Until now we have depended extensively on specialists to educate us. It is clear that this education will be inappropriate unless we educate mental health educators themselves about how mental health and mental health care is different in the primary care setting as compared to the specialty setting. This is, therefore, a call for the placement of mental health educators and trainees in primary medical settings as a principal site of service. This applies to undergraduate medical education as well as resident training.
As managed care plans develop more stringent expectations about the provision of mental health services in primary care, clinicians will have to change their
practice habits. This will require a coherent, sustained educational effort. We have no idea about the most effective way to accomplish this.
We must come to terms with what we have learned about mental health in primary care—we cannot unlearn what we have discovered. We must either mobilize our clinical resources to address mental problems or explicitly acknowledge that their prevalence and salience are insufficient to justify the expense and effort that it takes to address them. In some cases, for some disorders, this is probably the best course of action, but the evidence suggests that reordering primary care to accommodate the mental distress of patients would be a good investment.

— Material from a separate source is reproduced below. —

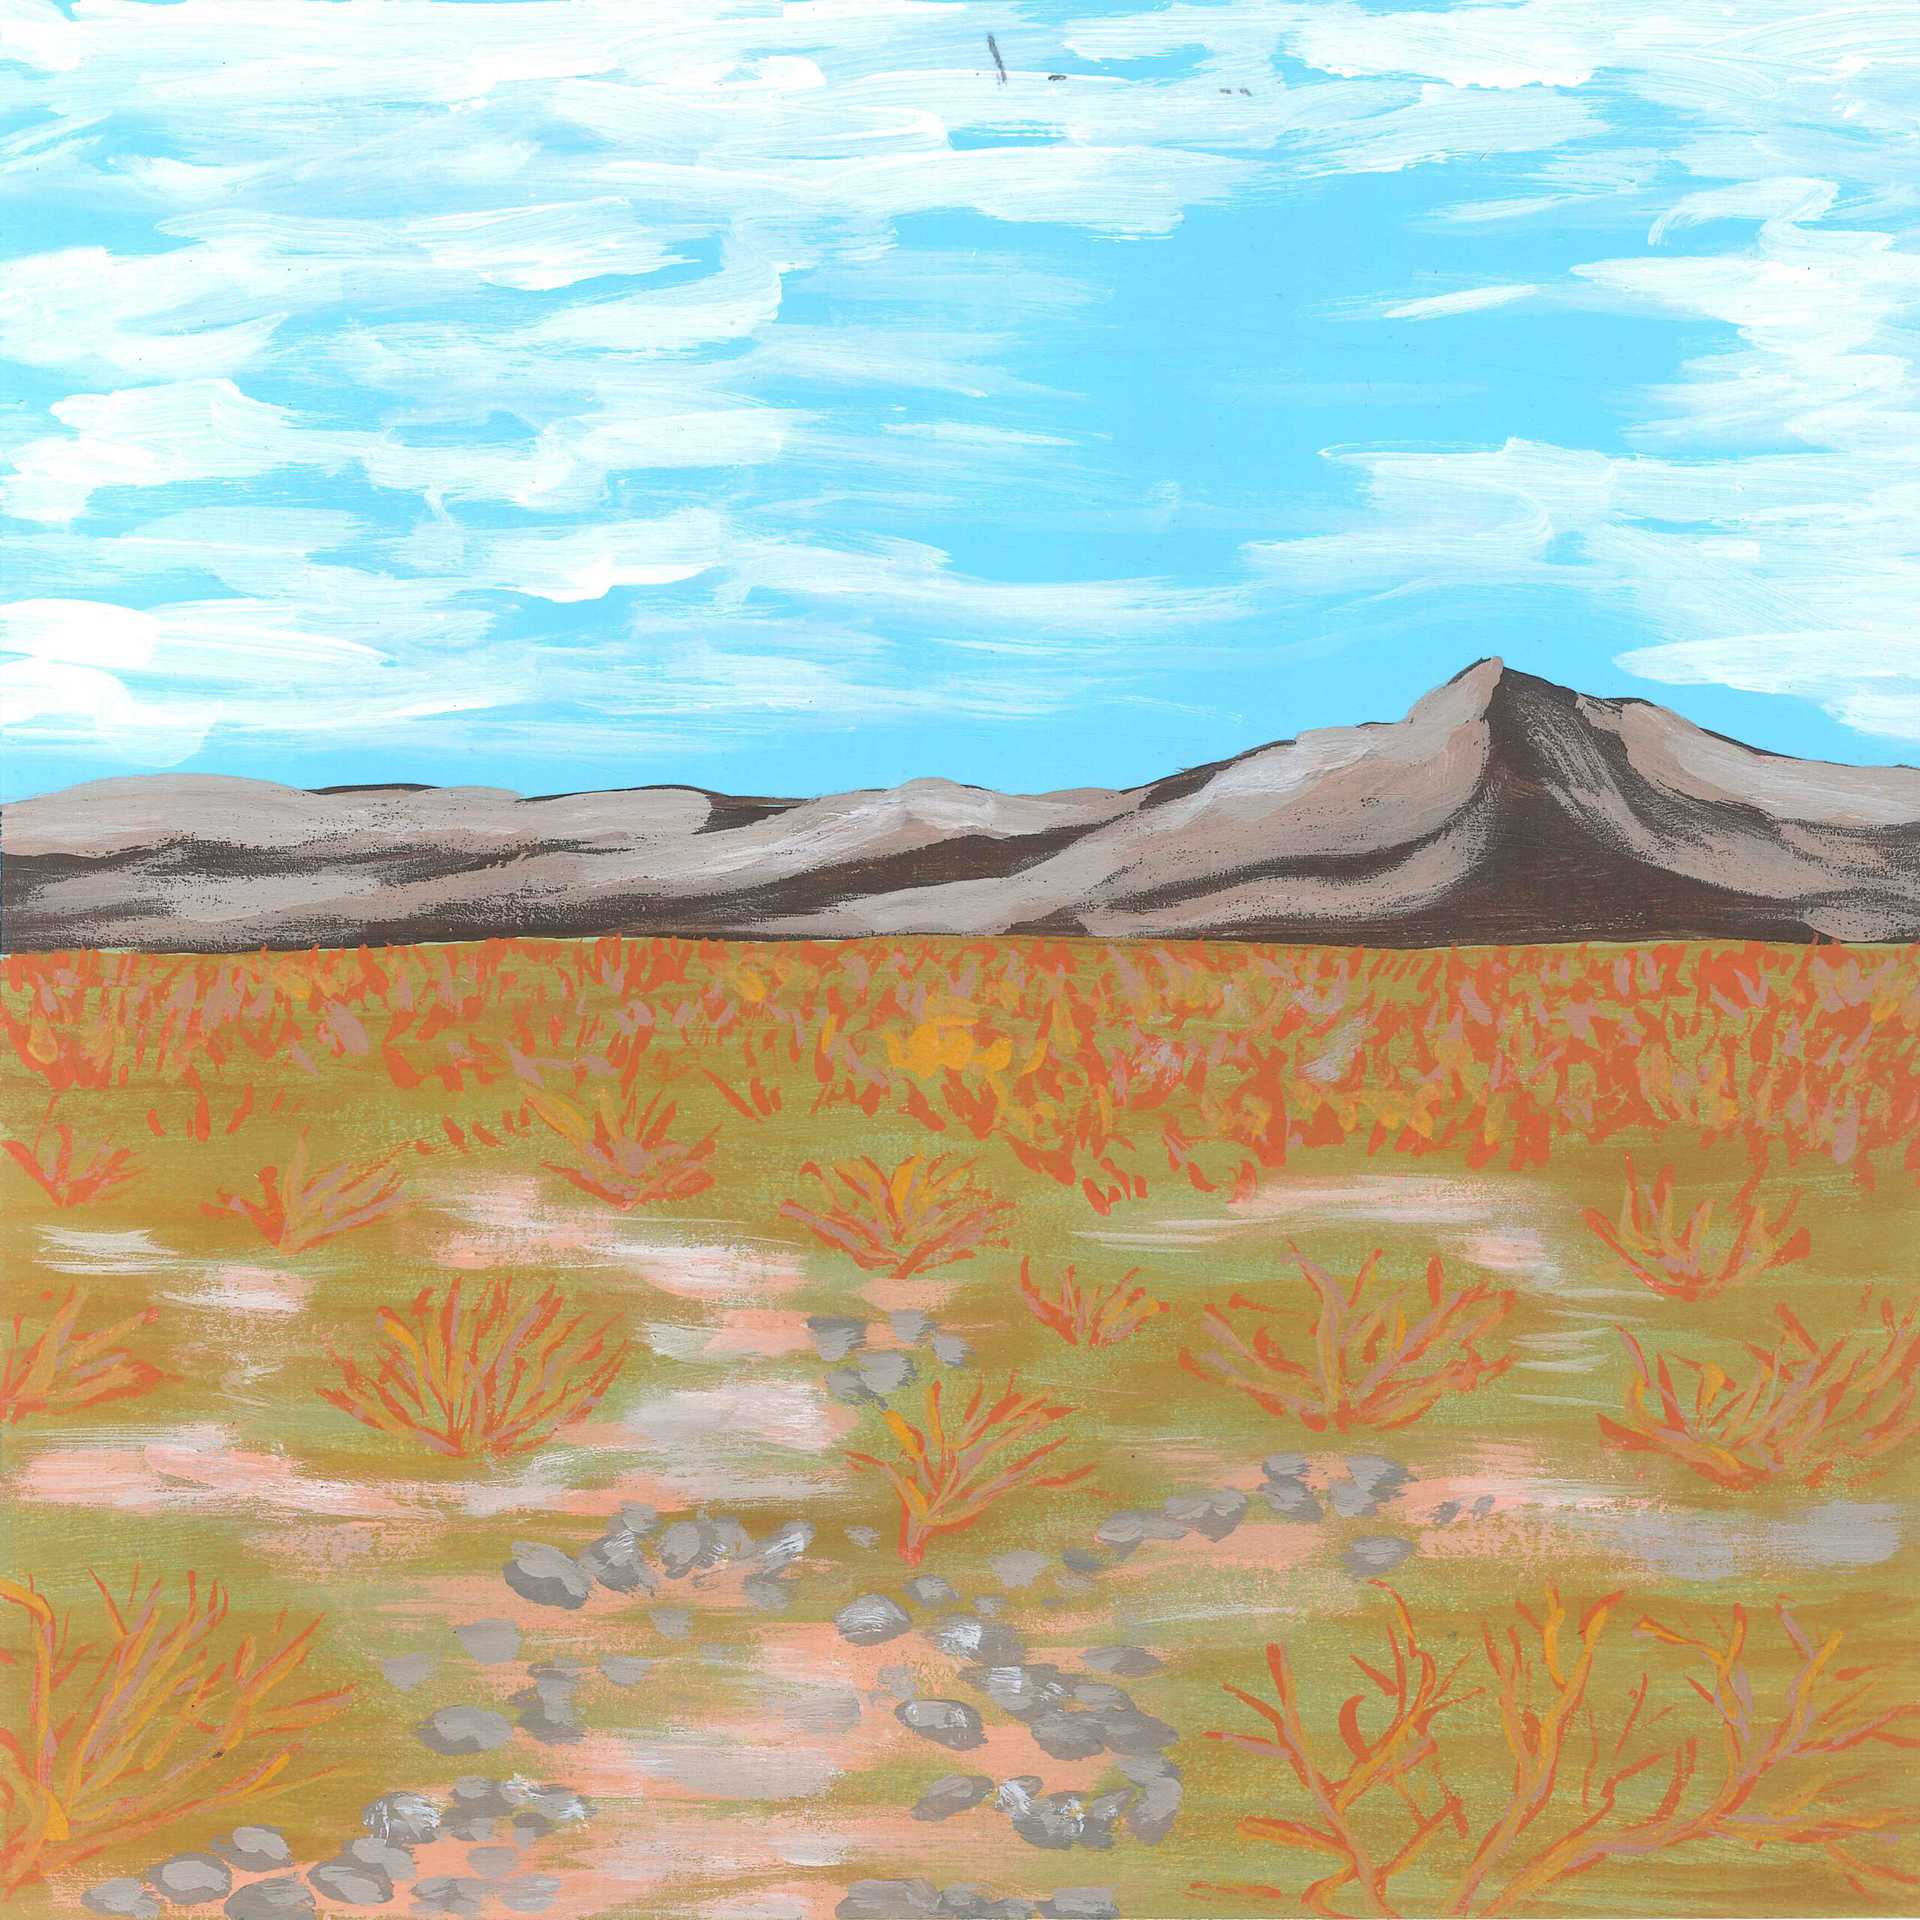 Massive Thunderstorm in the Atacama Desert - nature landscape painting - earth.fm

Therefore, we must proceed to provide the incentives and resources necessary to force a restructuring of primary care along these lines. Nobody knows how to do this yet. For some years this will most likely involve experiments with modified caseloads, interjection of new personnel into the primary health care team, acquisition of skills and tasks by current members of the primary health care team, and new collaborative and consultative relationships with mental health professionals. It will involve the development of clear, explicit clinical expectations coupled with the knowledge, skills, and attitudes necessary to accomplish the expected clinical care. Management guidelines and diagnostic instruments are being developed for the most common mental diagnoses in primary care; now we must learn how to implement these tools into our routine clinical activities. This process will need to transpire under the eye of services researchers, economists, mental health professionals, and primary care clinicians—but mostly patients themselves should decide who will do what to whom.